Edward Wilson en Robert MacArthur
Het aantal soorten op een eiland wordt bepaald door 2 factoren
1. Immigratie
Het aantal soorten wat zich vestigt op het eiland (immigratie)
2. Uitsterven
Het aantal soorten dat van het eiland verdwijnt door uitsterven
Afbeelding 1
Waar de 2 kromme elkaar snijden is er sprake van evenwicht
Er komen evenveel soorten bij en er verdwijnen evenveel soorten
Afbeelding 2 Eilandbiogeografiemodel
Afstand heeft invloed op immigratie
De grootte vooral op het uitsterven
7. Enkele onderzoeksmethoden
Fossielen
Versteende overblijfselen van organismen of afdrukken van organismen in gesteenten.
Fossielen ontstaan als dode organismen niet vergaan bijvoorbeeld doordat ze bedekt worden door
zand-kleideeltjes (sendimenten), wanneer deze ongestoord blijven liggen kunnen ze op lange duur
door bovenliggende lagen verstenen tot sendimentgesteenten.
Paleontologie
Wetenschap die zich bezighoudt met verzamelen en bestuderen van fossielen
Homologe organen
Organen vertonen overeenkomst in bouw en hebben een gelijke embryonale ontstaanswijze.
Ze zijn ontstaan uit dezelfde grondvorm.

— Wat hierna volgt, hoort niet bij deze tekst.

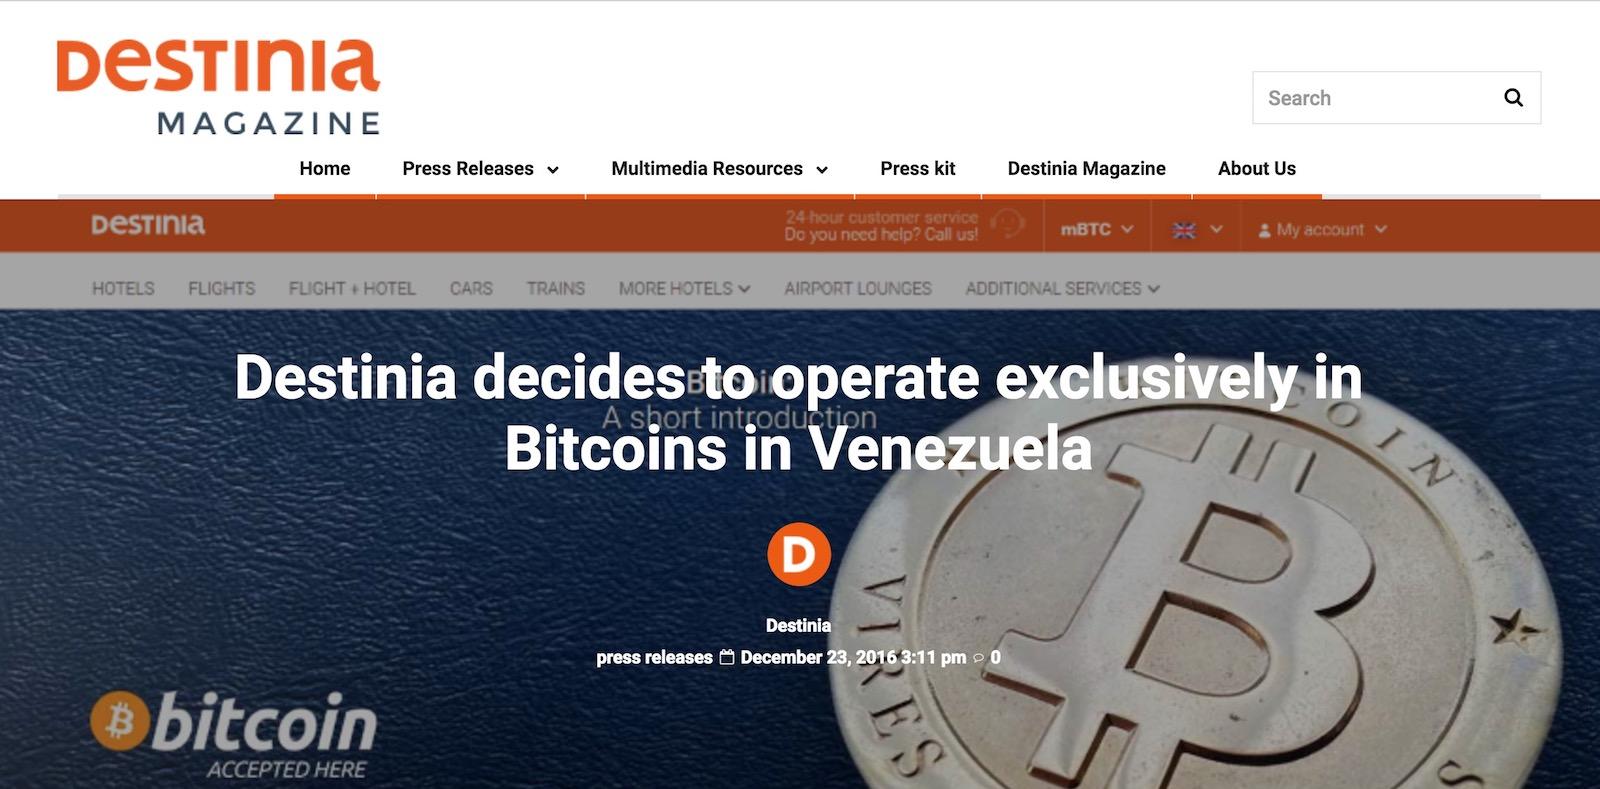 Destinia akzeptiert Bitcoins
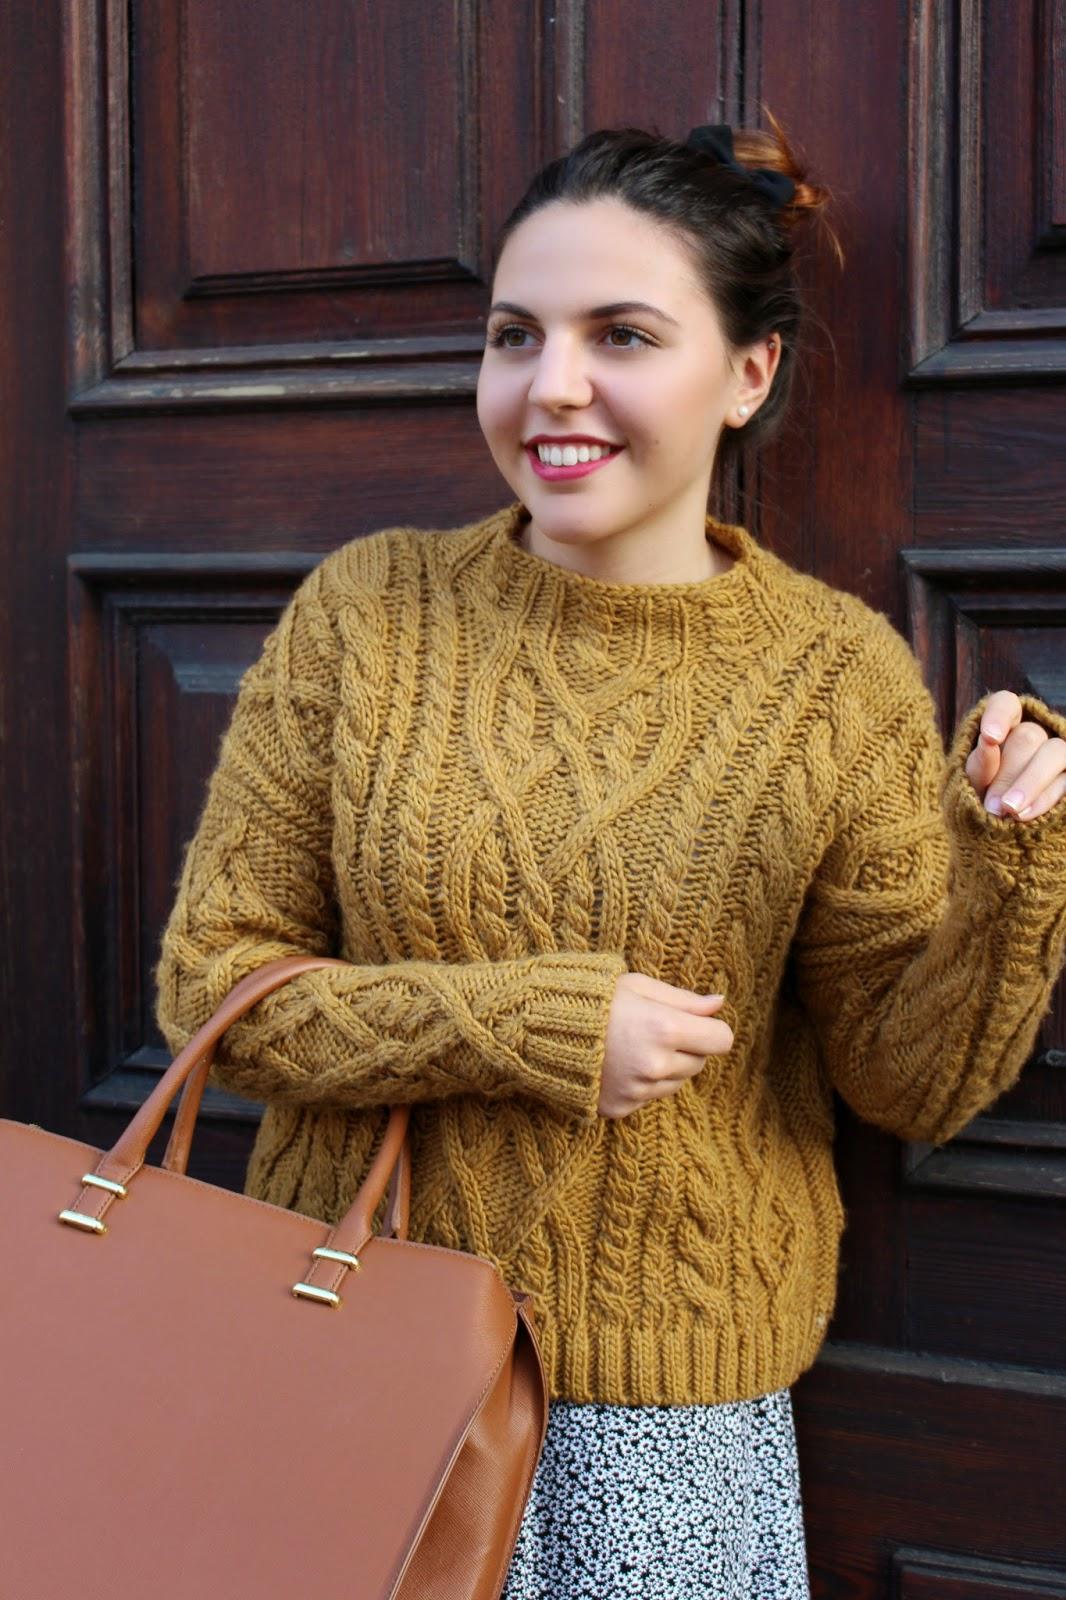 b40d32aad4 ... Black Floral Leather Slap Backpack. Mango Cable-knit Wool-blend Sweater  // Subdued High Waisted Skirt // H&M Handbag // Rimmel Kate Moss Lipstick  n.107

Door aanpassing aan verschillende milieus hebben de
organen een verschillende functie gekregen.
Homologie duidt op verwantschap van organismen, de organismen hebben een
gemeenschappelijke voorouder.
Rudimentaire organen/rudimenten
Door aanpassing van organismen aan het milieu kunnen organen hun functie verliezen. Als er nog
resten van deze organen bij een organismen terug te vinden zijn.
Ze ontstaan op dezelfde manier als homologe organen maar komen niet meer tot ontwikkeling en
hebben geen functie meer.
Vb. bekken van een walvis
Biochemie
De mate van verwantschap tussen twee soorten is afhankelijk van het aantal generaties dat heeft
geleefd sinds de gemeenschappelijke voorouder leefde.